OTD Chapter 10 Flashcards
Organizational change
The process by which organizations move from their present state to some desired future state to increase their effectiveness.
Targets of change
HOFT
Human Resources
Organizational capabilities
Functional resources
Technological capabilities
Human Resources (organizational change)
Typical kinds of efforts directed at Human Resources.
- New investment in training and development activities.
- Socialising employees into the organizational culture.
- Changing organizational norms and values
- On-going examination of the way in which promotion and reward systems operate.
- Changing the composition of the top-management team
Functional resources (organizational change)
Transferring resources to the functions where most value can be created.
Technological capabilities (organizational change)
The ability to develop a constant stream of new/improved products.
Organizational capabilities (organisational change)

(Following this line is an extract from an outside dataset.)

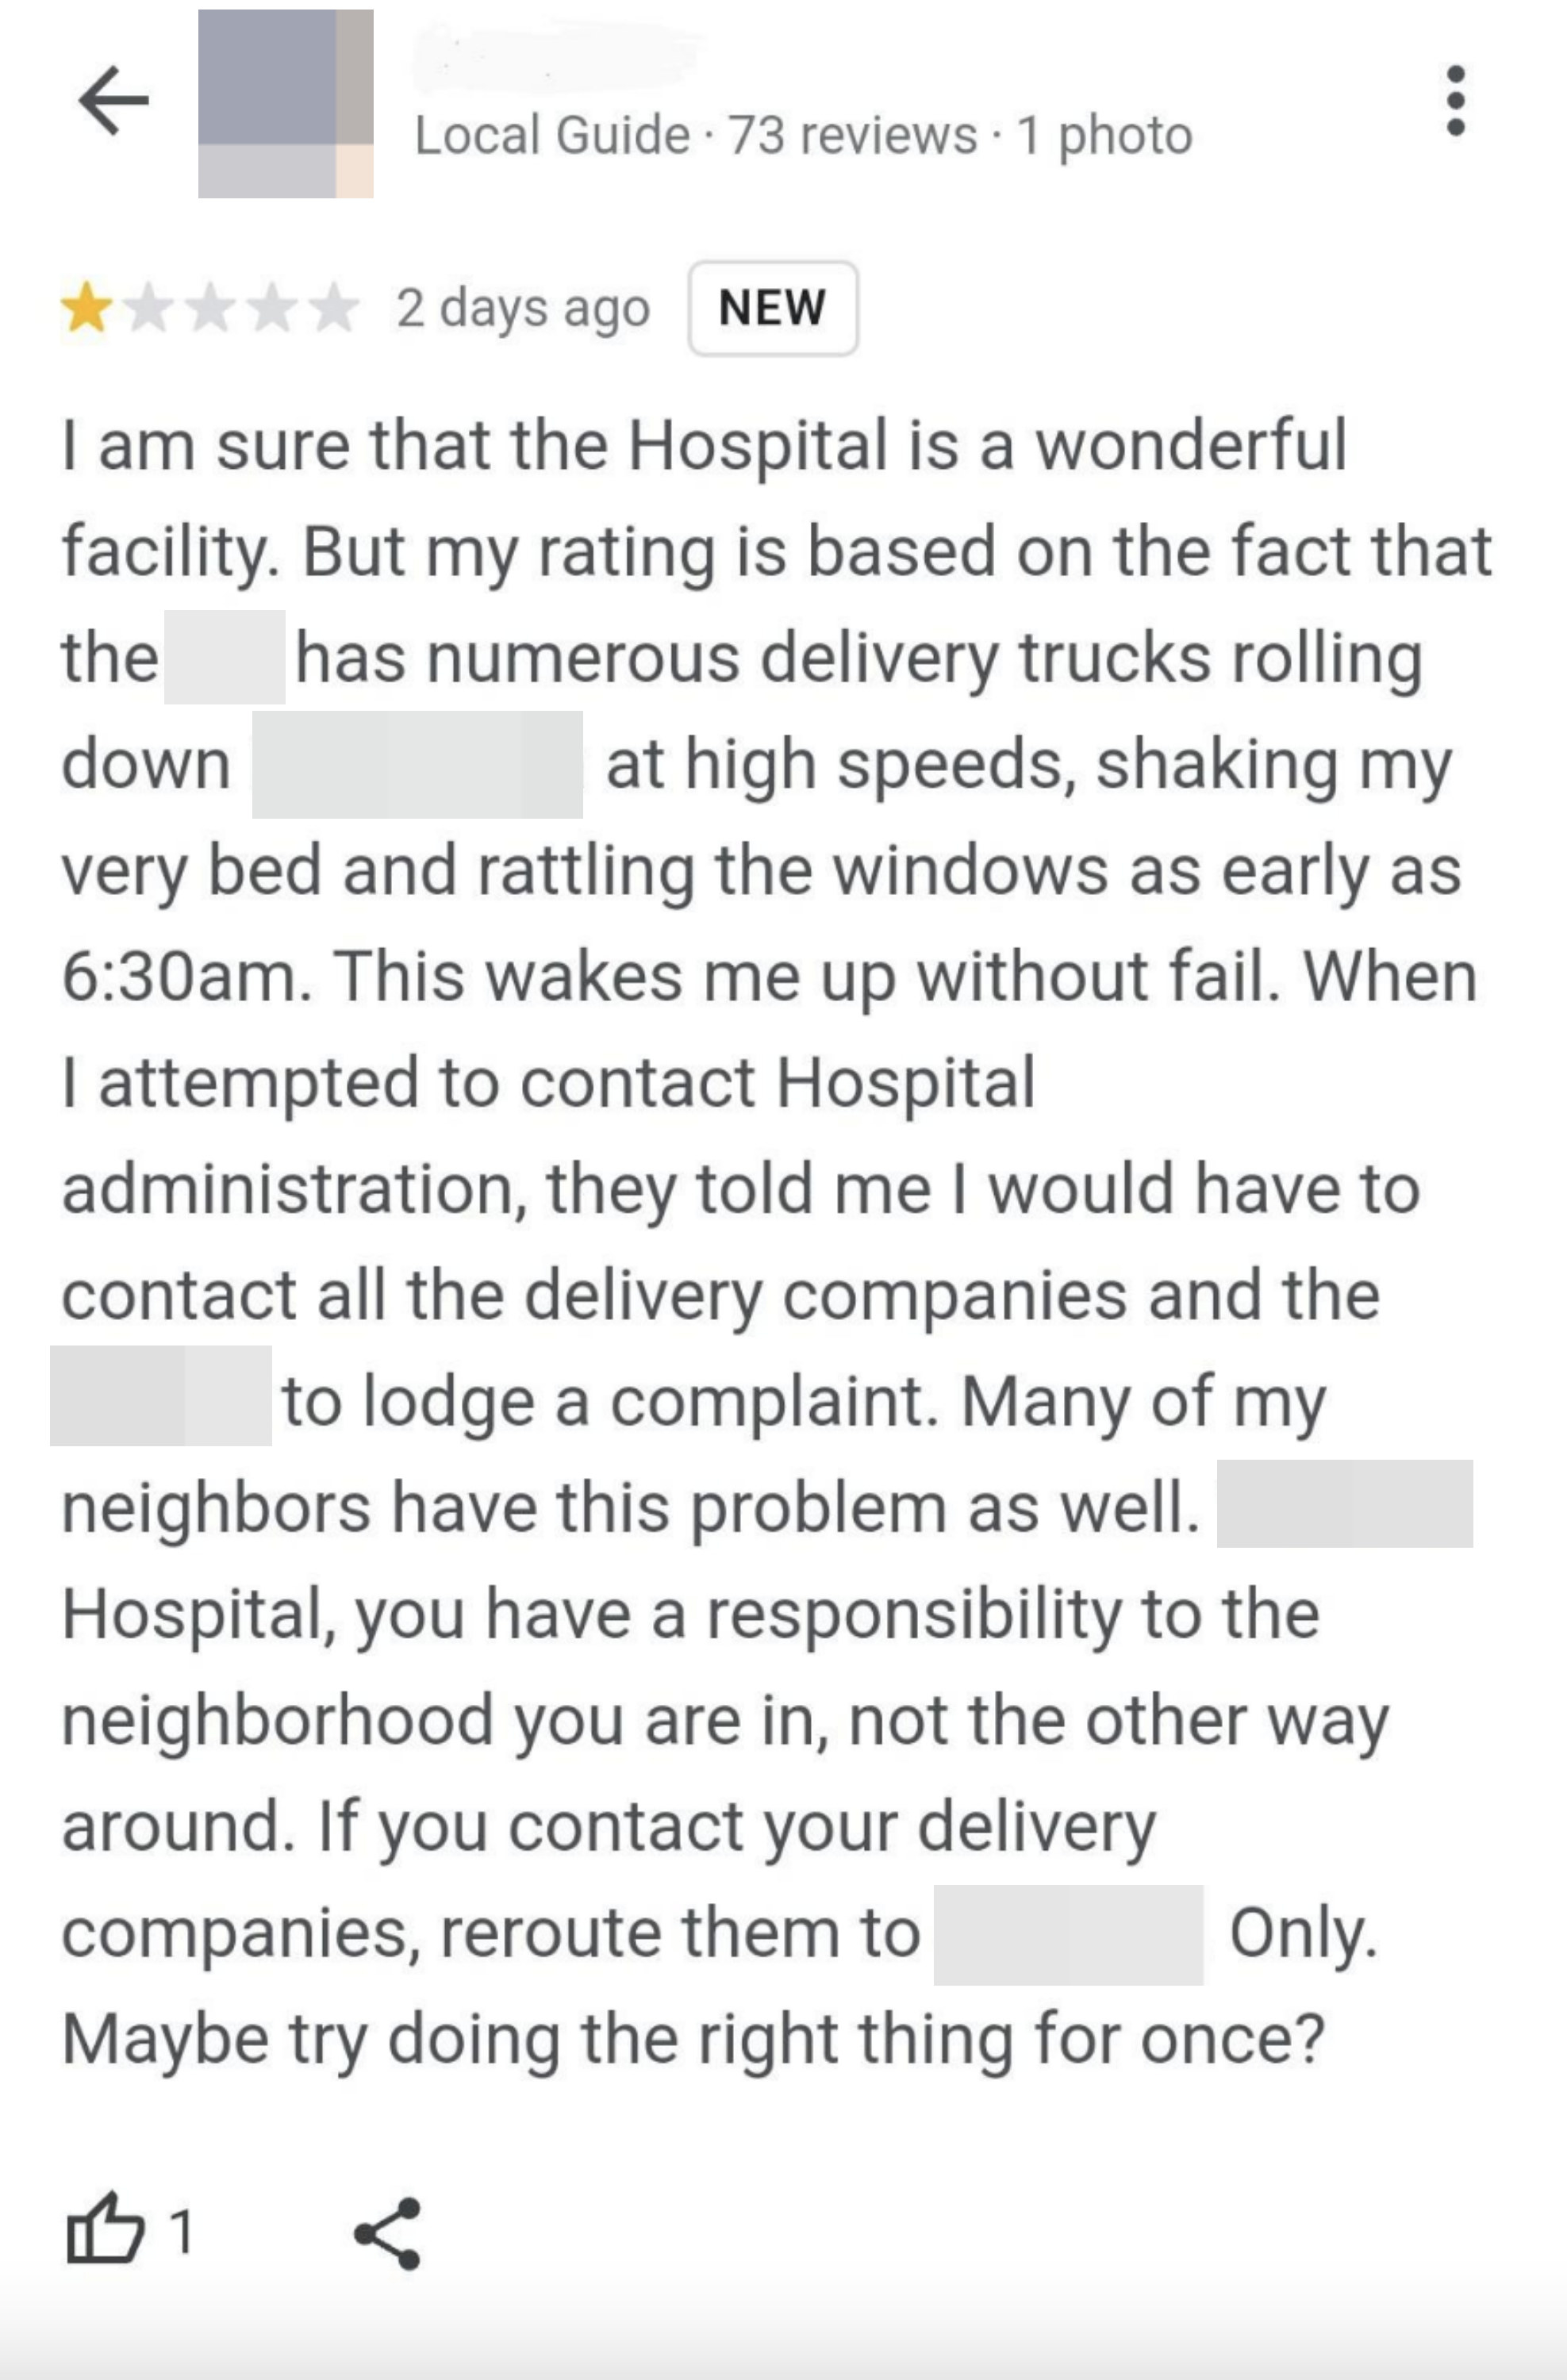 someone left a one star review because the delivery trucks at the hospital zoom by their apartment and make everything shake

Changing the relationship between people and functions to increase their ability to create value.
Forces for change
Both internal and external.
Competitive forces, global forces, demographic and social forces, ethical forces.
Resistance to change
Mostly internal.
Organizational level
Group level (functional level included)
Individual level
Organizational inertia
The tendency of an organization to resist change and maintain the status quo. Remaining unchanged.
Organizational-level resistance to change
- Differences in functional orientation
- Organizational culture
- Mechanistic structure
- Power and conflict
Differences in functional orientation (Organizational-level resistance to change)
Functions and divisions seeing the source of a problem differently because they can only see an issue or problem from their own point of view.
Organizational culture (organizational level resistance to change)
An organization’s values and norms, when they are disrupted or changed, can cause resistance.
Mechanistic structure (Organizational-level resistance to change)
Mechanistic structure is more resistant to change (compared to the organic structure) because people are expected to act a certain way and do not develop the capacity to adjust behaviour to changing conditions.
Power and conflict (organization-level resistance to change)
E.g. conflict between two functional departments.
Group-level resistance to change
- Groups having developed strong informal norms that govern behaviour and interaction. When change is needed, it changes the task-role relationship, leading to disruption.
- Group cohesiveness: too much cohesiveness sniffles opportunities to adapt.
- Groupthink: faulty decision making. Even if a group is aware that their decision is wrong, they will continue to pursue it because they are committed to it.